• [WHAT IS NEEDED]: No line before the one holding "Køb Creality CR-6" is to be copied; that line and all after it, through the end of the listing, are returned exactly, minus pictures.

------------------------------------------------------------

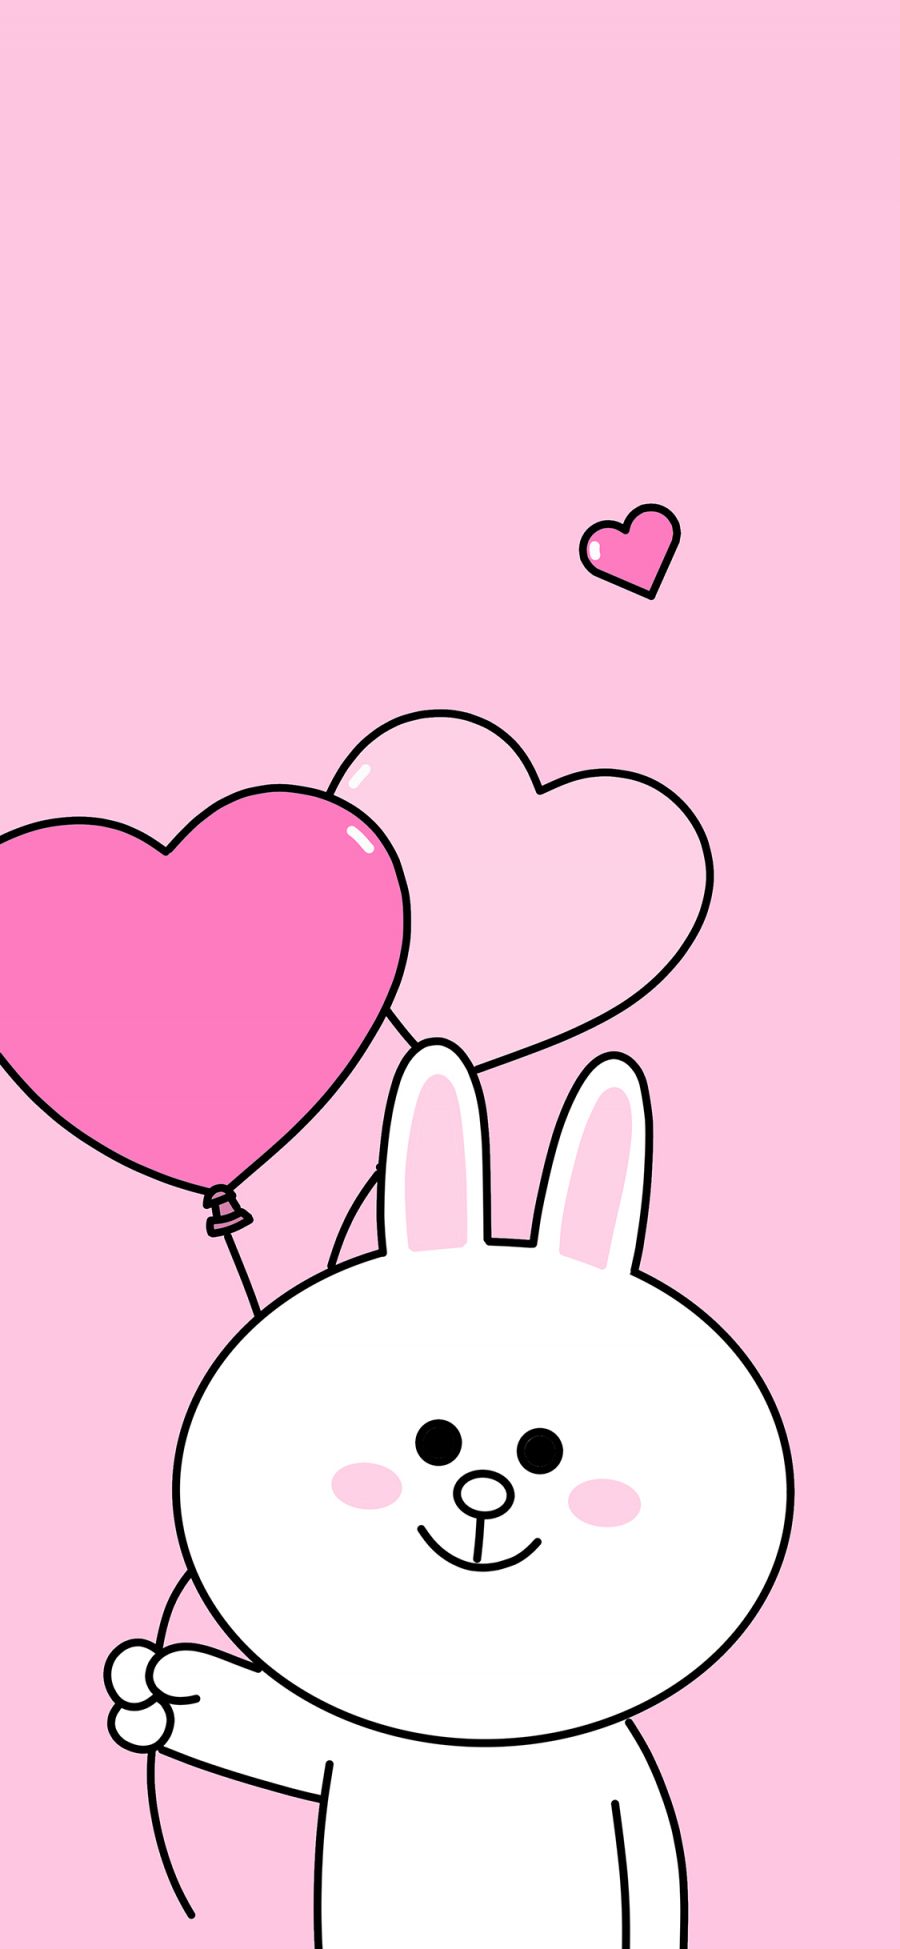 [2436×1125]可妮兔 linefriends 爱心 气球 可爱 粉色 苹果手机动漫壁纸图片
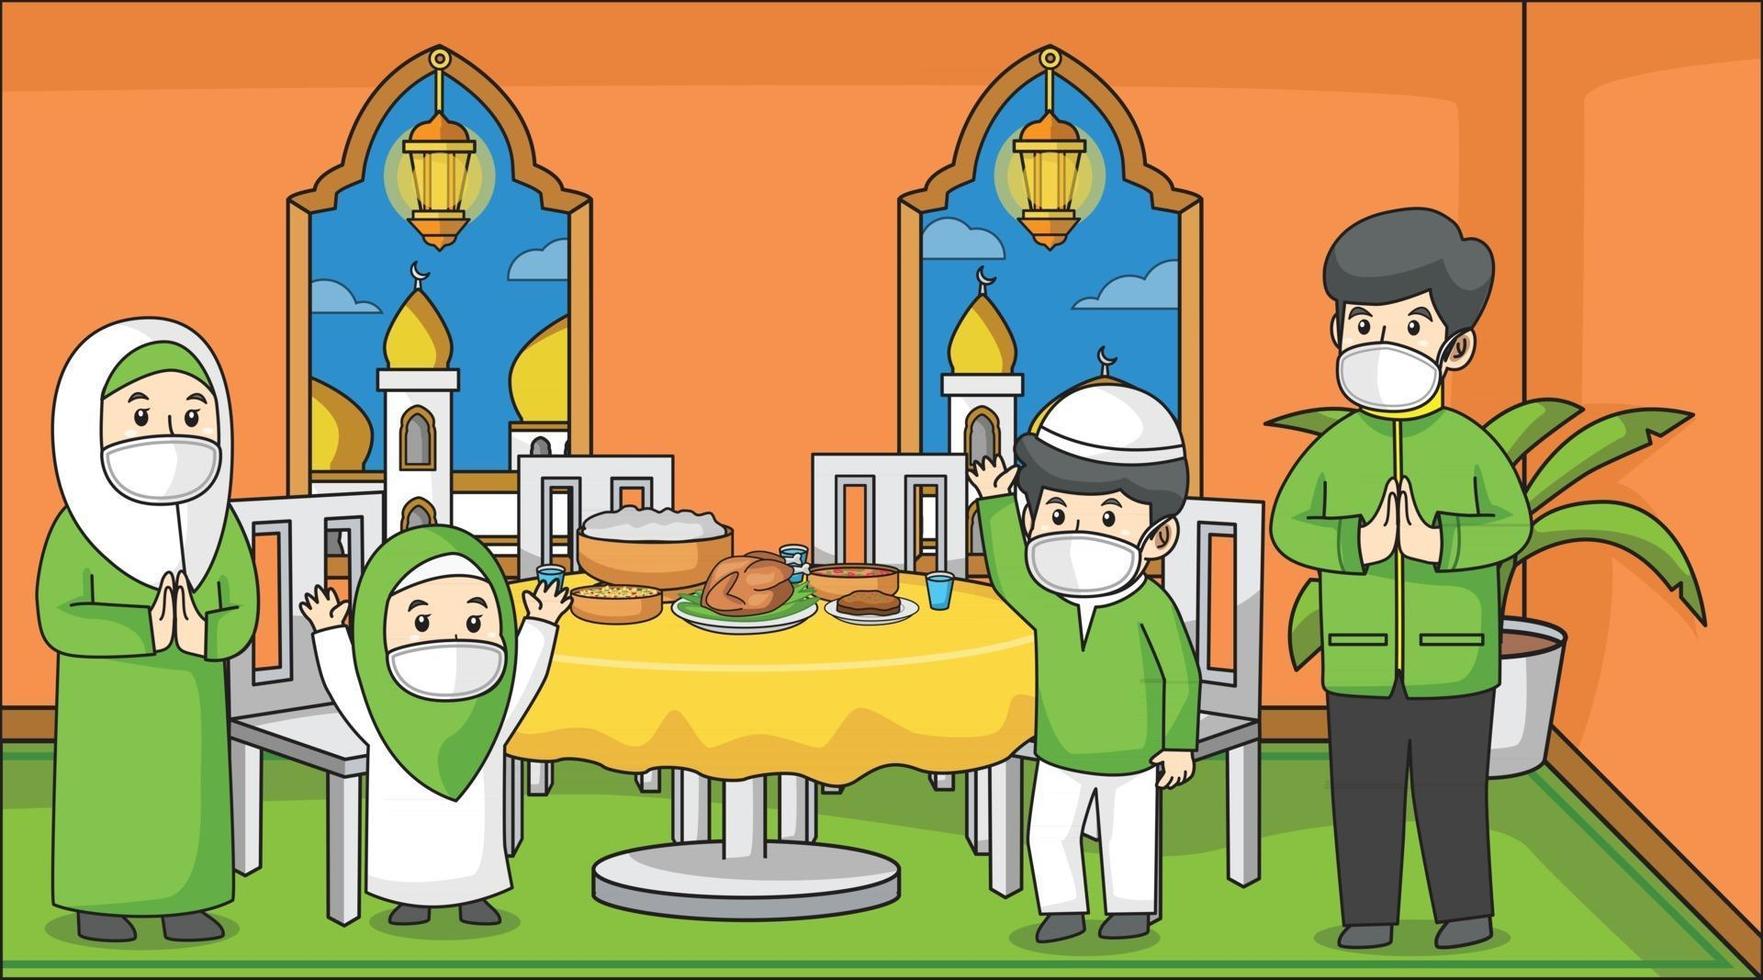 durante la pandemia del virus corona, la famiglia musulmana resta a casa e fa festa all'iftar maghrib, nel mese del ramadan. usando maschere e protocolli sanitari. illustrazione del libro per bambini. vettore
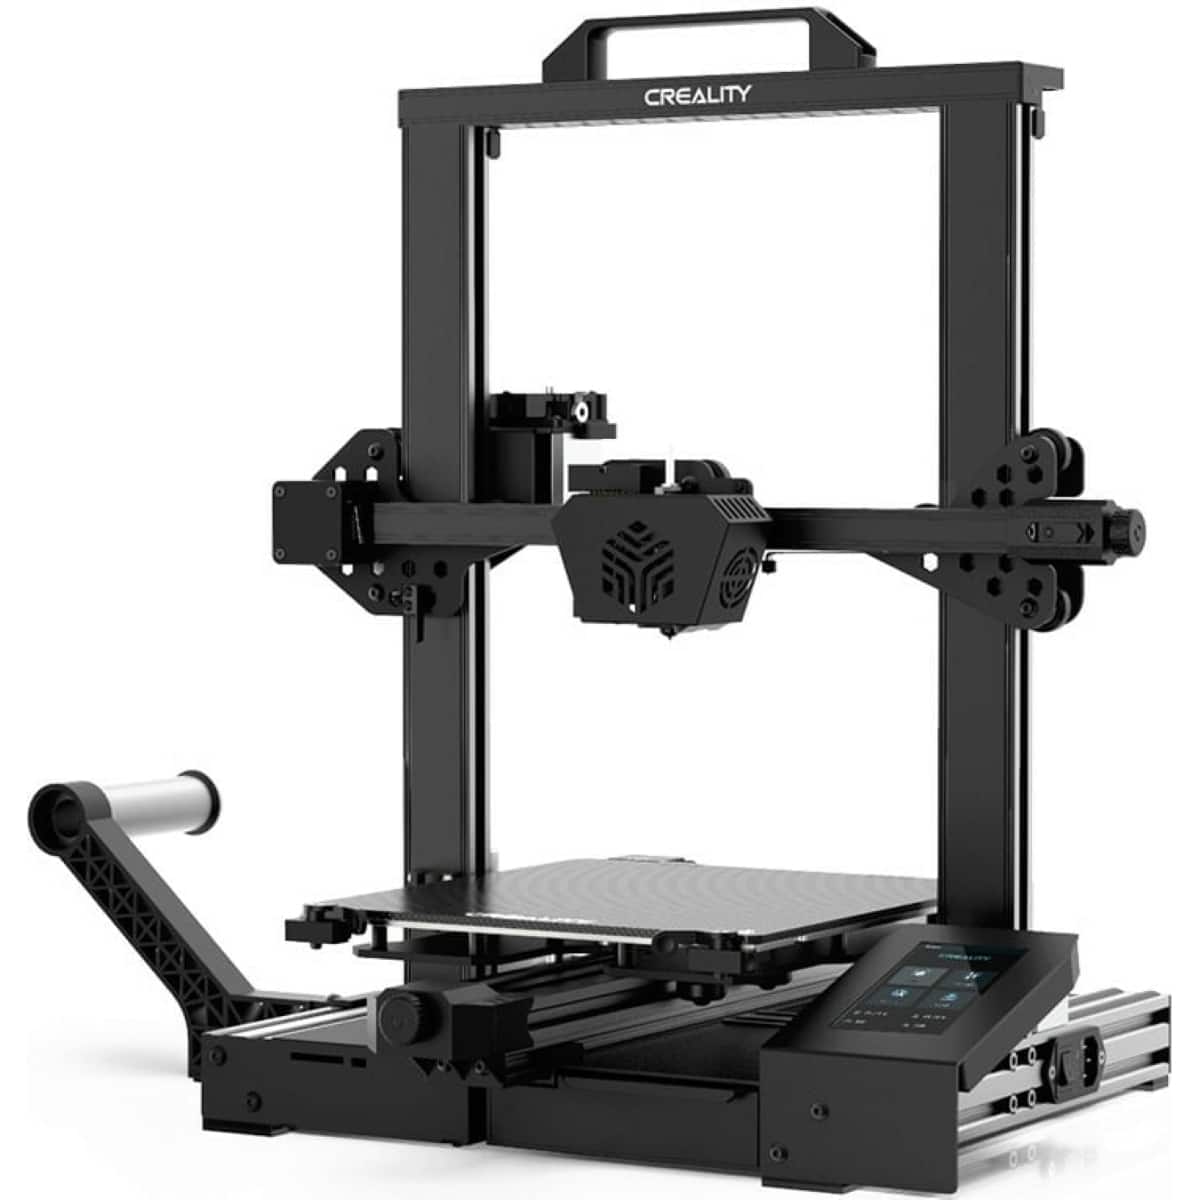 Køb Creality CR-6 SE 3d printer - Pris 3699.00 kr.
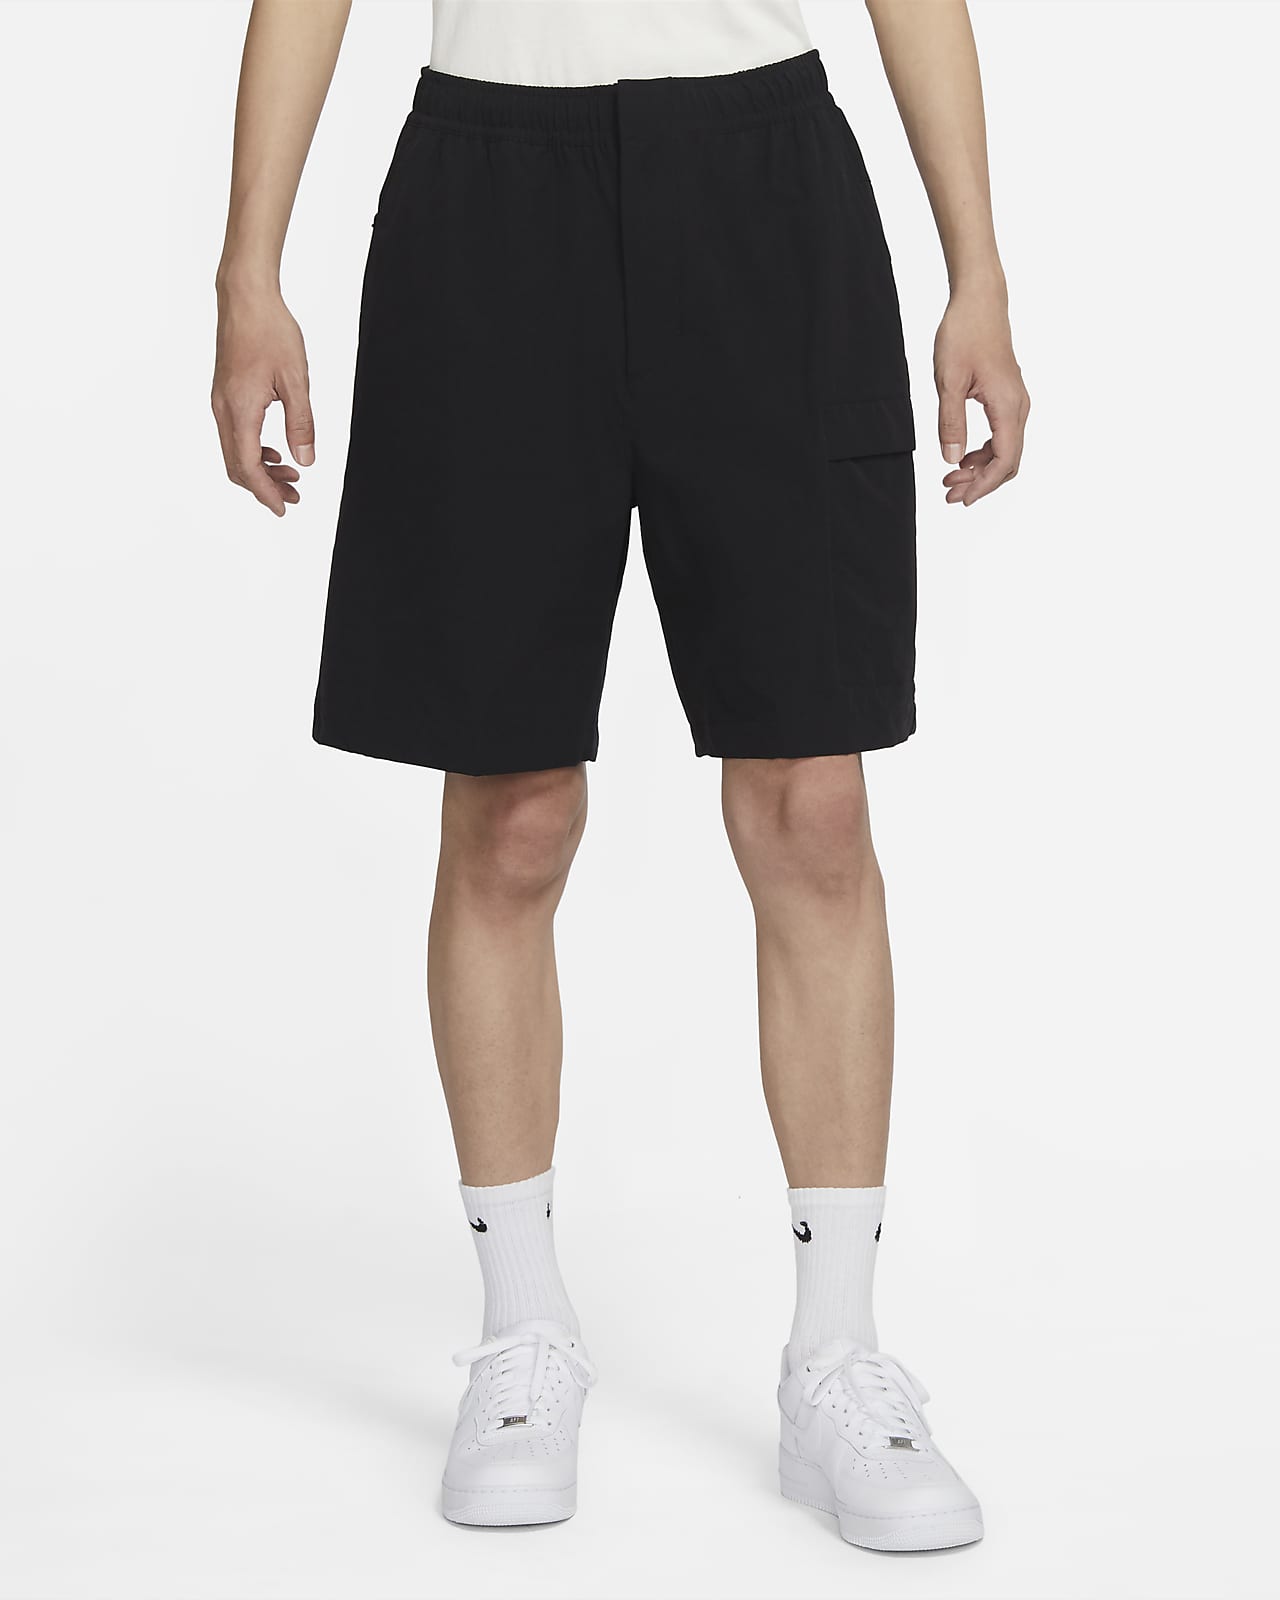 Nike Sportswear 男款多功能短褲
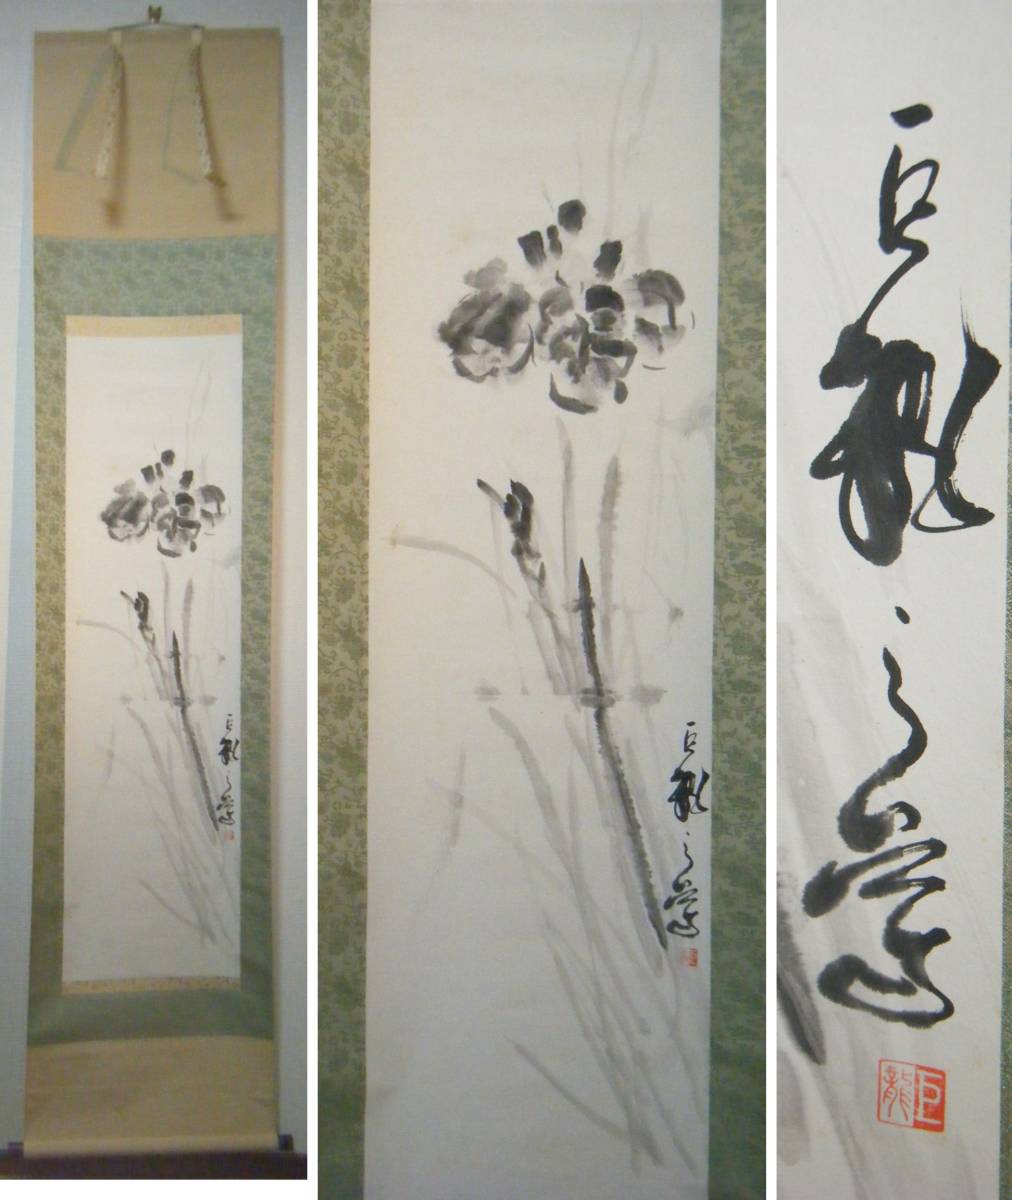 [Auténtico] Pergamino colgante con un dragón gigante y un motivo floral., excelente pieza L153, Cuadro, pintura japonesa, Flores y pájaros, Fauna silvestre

------------------------------------------------------------

• [RESPONSE AREA]:
 Køb Creality CR-6 SE 3d printer - Pris 3699.00 kr.
 Nike Sportswear 男款多功能短褲
 [Auténtico] Pergamino colgante con un dragón gigante y un motivo floral., excelente pieza L153, Cuadro, pintura japonesa, Flores y pájaros, Fauna silvestre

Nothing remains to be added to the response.